- [WHAT YOU SHOULD DO]
The expected response is a copy of every line in the entries below that includes the word "Short".

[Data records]
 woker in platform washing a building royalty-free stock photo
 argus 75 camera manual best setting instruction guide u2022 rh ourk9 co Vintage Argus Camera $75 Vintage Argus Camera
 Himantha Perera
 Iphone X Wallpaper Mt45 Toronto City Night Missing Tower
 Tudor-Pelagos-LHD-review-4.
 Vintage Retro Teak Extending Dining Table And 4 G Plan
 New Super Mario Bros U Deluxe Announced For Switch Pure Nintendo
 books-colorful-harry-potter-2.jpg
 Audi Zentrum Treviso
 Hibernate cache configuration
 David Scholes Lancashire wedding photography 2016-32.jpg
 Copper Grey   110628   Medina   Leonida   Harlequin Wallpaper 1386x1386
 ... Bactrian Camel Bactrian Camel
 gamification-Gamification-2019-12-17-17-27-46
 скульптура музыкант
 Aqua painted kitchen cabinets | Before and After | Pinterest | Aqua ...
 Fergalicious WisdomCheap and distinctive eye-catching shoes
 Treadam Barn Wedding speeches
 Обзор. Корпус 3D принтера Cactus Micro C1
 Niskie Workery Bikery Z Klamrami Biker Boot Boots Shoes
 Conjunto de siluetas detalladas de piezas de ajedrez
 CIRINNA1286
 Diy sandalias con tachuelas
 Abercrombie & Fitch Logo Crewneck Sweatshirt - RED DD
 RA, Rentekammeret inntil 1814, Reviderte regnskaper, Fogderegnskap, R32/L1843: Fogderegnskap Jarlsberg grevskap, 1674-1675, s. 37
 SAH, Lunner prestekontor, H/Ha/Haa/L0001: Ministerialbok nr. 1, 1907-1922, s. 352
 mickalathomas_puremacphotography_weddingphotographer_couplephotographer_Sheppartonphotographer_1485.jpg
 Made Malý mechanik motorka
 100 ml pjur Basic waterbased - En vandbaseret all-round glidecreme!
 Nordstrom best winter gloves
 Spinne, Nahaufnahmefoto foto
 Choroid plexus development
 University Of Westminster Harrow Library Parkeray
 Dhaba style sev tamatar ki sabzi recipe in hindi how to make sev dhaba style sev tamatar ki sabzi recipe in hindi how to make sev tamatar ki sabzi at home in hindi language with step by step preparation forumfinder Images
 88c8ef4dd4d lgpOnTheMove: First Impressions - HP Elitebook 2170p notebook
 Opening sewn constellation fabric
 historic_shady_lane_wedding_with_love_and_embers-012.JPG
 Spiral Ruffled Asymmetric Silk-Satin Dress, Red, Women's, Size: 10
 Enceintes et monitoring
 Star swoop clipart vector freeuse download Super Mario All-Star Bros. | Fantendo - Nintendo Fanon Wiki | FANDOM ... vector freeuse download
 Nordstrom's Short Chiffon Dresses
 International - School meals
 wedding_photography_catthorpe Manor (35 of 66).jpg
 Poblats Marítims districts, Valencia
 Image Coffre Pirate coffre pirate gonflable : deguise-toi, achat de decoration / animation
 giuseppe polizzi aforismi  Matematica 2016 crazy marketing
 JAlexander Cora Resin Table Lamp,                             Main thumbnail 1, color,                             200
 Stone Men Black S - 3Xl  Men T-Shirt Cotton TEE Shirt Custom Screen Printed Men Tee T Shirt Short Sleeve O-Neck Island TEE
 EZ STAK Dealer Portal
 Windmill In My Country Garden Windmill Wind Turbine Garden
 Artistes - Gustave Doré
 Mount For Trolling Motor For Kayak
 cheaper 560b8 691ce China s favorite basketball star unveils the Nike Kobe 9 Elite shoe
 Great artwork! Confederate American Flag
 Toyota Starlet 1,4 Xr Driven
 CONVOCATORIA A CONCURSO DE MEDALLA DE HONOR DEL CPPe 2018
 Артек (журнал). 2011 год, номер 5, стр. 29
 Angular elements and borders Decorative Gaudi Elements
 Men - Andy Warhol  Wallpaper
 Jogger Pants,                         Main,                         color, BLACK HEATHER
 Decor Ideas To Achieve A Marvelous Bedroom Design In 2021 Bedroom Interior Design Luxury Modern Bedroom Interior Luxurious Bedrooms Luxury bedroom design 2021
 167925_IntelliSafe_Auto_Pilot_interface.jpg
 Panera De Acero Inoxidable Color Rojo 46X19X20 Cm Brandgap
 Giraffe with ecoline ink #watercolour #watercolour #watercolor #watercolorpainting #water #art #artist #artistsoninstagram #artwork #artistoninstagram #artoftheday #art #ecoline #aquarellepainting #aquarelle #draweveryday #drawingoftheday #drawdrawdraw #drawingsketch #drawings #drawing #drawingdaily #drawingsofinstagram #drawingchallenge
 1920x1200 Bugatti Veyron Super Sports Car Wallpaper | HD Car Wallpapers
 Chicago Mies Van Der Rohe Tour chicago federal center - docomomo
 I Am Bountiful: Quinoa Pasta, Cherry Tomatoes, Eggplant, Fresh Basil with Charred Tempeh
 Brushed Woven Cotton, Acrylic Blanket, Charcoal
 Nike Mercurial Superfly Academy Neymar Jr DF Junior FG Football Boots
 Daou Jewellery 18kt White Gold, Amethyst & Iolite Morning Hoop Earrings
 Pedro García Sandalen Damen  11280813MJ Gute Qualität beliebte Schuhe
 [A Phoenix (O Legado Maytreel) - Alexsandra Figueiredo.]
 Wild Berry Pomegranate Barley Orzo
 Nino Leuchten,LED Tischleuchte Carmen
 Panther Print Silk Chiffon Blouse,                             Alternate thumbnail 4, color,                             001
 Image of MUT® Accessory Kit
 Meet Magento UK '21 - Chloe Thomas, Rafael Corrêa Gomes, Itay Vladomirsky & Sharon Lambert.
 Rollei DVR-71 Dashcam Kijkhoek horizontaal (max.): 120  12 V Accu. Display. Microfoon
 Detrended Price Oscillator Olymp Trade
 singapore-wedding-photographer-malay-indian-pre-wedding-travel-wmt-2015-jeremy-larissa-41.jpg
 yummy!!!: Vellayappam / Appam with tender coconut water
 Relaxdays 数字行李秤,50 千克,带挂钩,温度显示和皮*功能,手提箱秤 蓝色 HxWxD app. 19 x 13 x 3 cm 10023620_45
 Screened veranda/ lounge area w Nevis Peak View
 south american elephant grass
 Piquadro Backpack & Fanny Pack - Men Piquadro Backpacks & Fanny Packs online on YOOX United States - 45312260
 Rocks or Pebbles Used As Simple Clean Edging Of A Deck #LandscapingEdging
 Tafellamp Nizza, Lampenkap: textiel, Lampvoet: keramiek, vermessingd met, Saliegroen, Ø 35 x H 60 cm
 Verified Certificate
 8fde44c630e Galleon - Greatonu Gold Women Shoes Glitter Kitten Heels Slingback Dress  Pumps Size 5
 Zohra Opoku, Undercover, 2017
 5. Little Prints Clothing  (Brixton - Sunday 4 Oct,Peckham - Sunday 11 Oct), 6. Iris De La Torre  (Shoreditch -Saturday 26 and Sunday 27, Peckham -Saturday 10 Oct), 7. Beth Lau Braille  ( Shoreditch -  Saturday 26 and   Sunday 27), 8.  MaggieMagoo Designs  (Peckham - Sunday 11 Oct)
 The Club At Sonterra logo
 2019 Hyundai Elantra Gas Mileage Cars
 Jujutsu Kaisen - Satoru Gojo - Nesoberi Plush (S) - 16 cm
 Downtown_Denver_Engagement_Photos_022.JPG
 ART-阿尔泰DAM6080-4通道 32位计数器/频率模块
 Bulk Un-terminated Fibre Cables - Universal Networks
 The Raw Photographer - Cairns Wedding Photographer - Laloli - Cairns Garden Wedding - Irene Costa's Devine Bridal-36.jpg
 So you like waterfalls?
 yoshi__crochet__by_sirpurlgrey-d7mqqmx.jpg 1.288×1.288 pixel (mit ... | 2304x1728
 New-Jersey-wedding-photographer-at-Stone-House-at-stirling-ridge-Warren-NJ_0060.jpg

- [SOLUTION TO THIS EXERCISE]
 Nordstrom's Short Chiffon Dresses
 Stone Men Black S - 3Xl  Men T-Shirt Cotton TEE Shirt Custom Screen Printed Men Tee T Shirt Short Sleeve O-Neck Island TEE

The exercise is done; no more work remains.